- TASK STATEMENT
Please output the listing that follows exactly, but keep all images out.

- GIVEN INFORMATION
"""

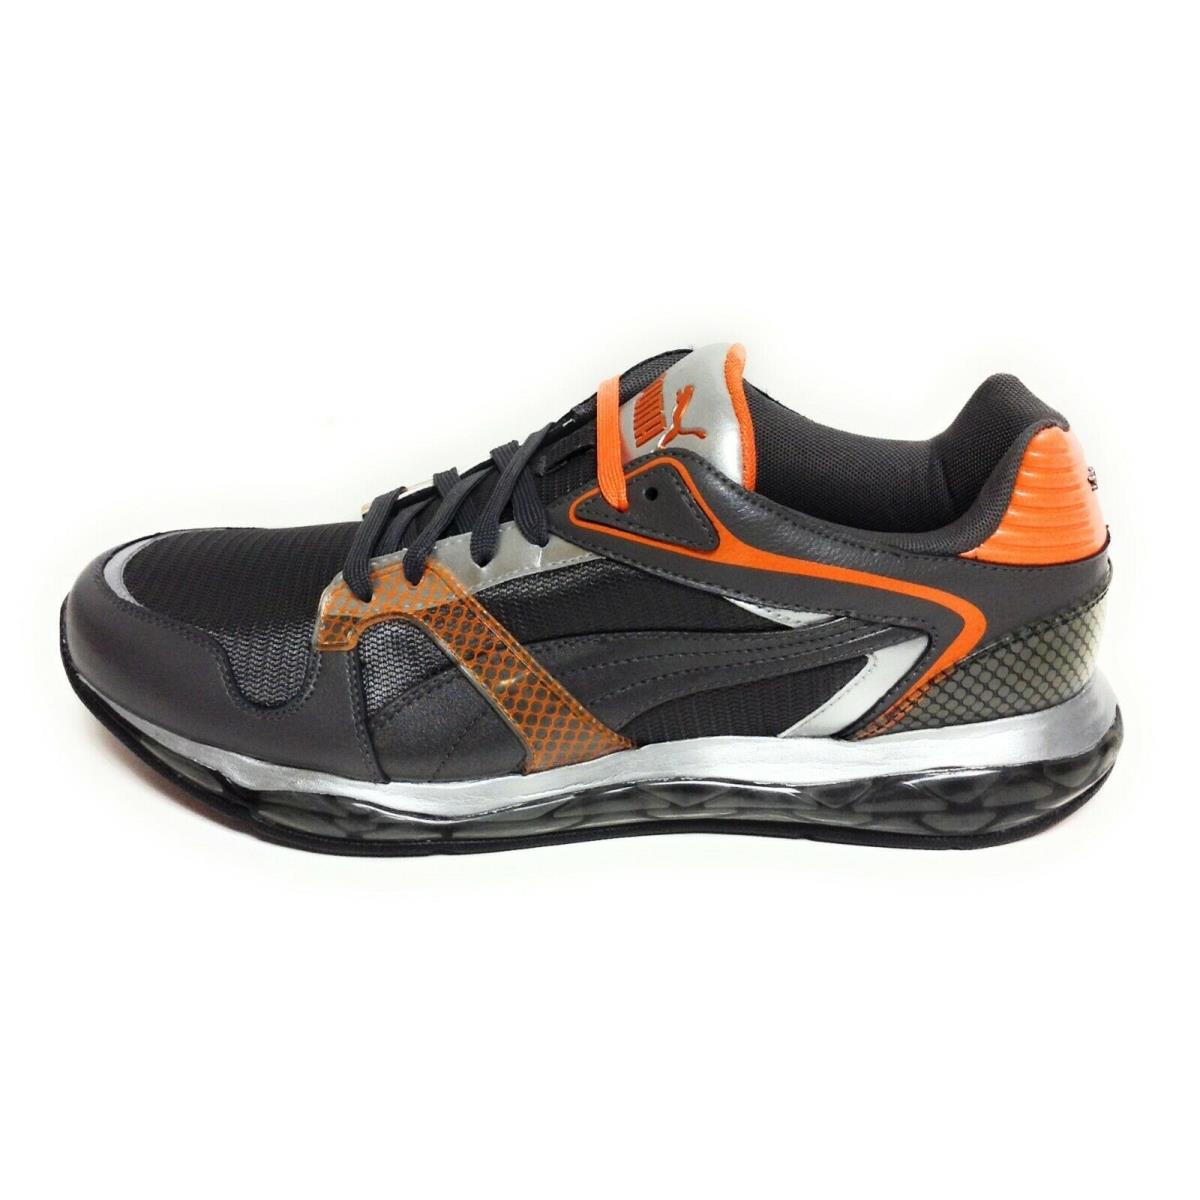 Mens Puma XS 850 Tech Mesh Lo 185053 02 Grey Orange 2010 DS Sneakers Shoes - Grey, Manufacturer: Dark Gull Grey
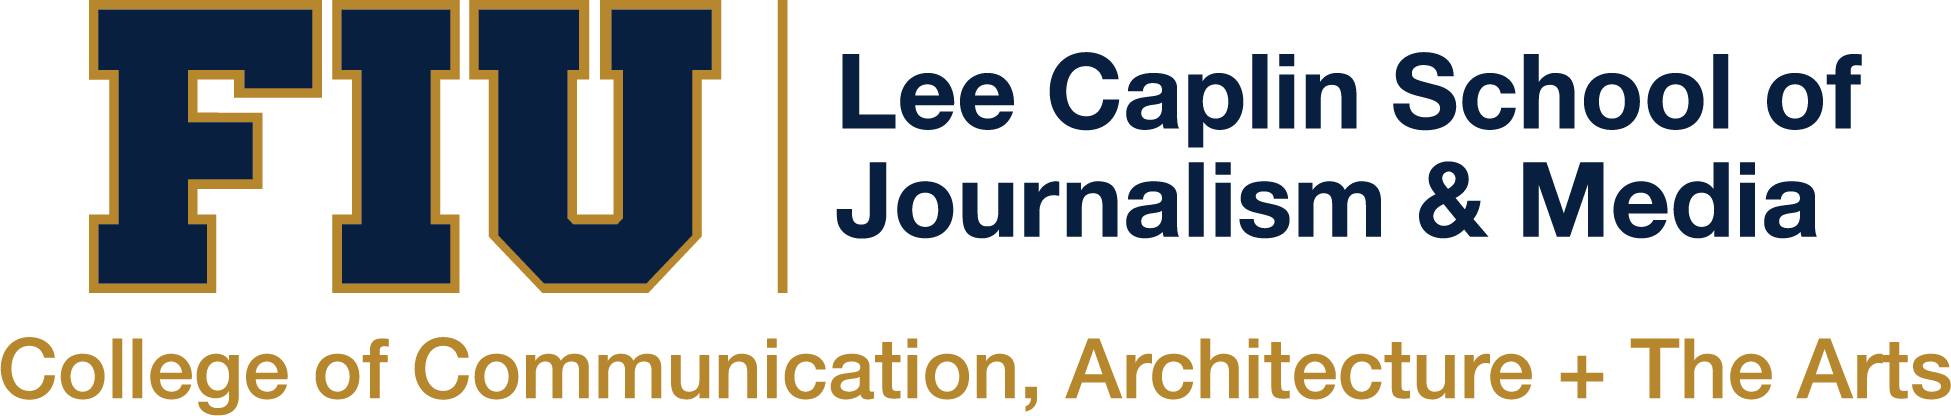 Lee Caplin School of Journalism & Media Logo
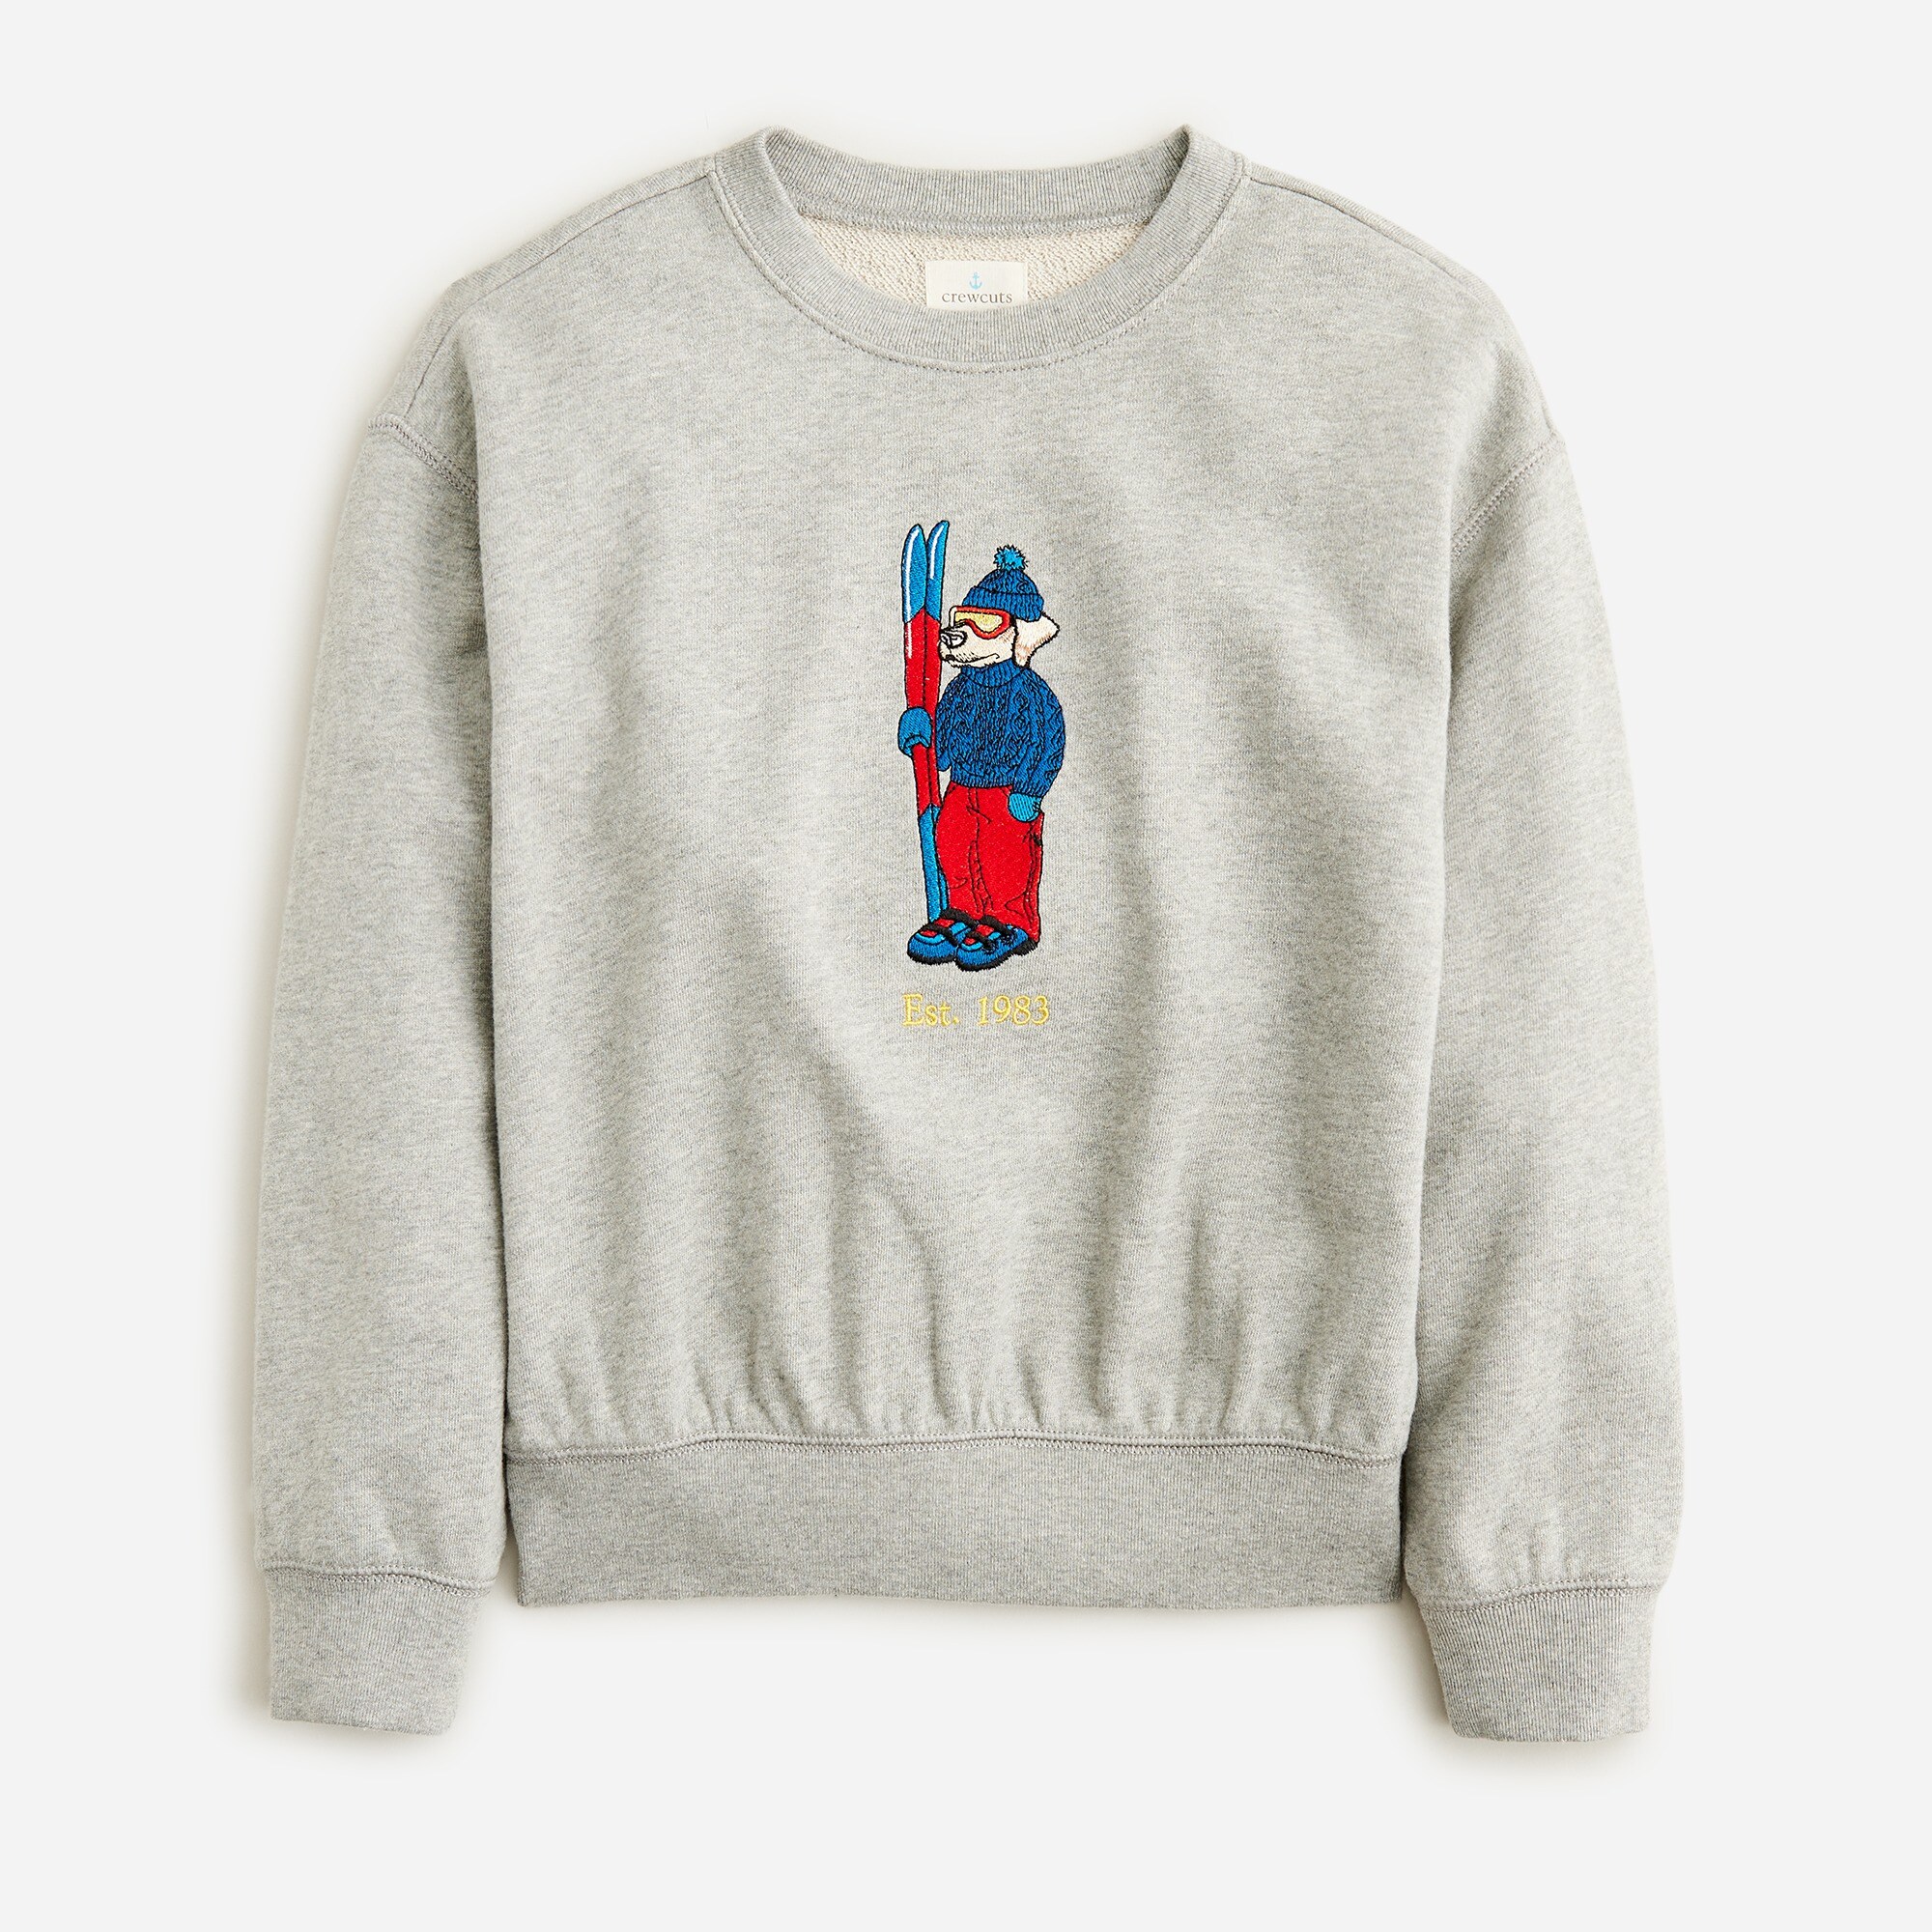  Kids' embroidered &quot;ski dog&quot; graphic crewneck sweatshirt

"""

- EXERCISE OUTPUT
 Mens Puma XS 850 Tech Mesh Lo 185053 02 Grey Orange 2010 DS Sneakers Shoes - Grey, Manufacturer: Dark Gull Grey
 Lee Caplin School of Journalism & Media Logo
  Kids' embroidered &quot;ski dog&quot; graphic crewneck sweatshirt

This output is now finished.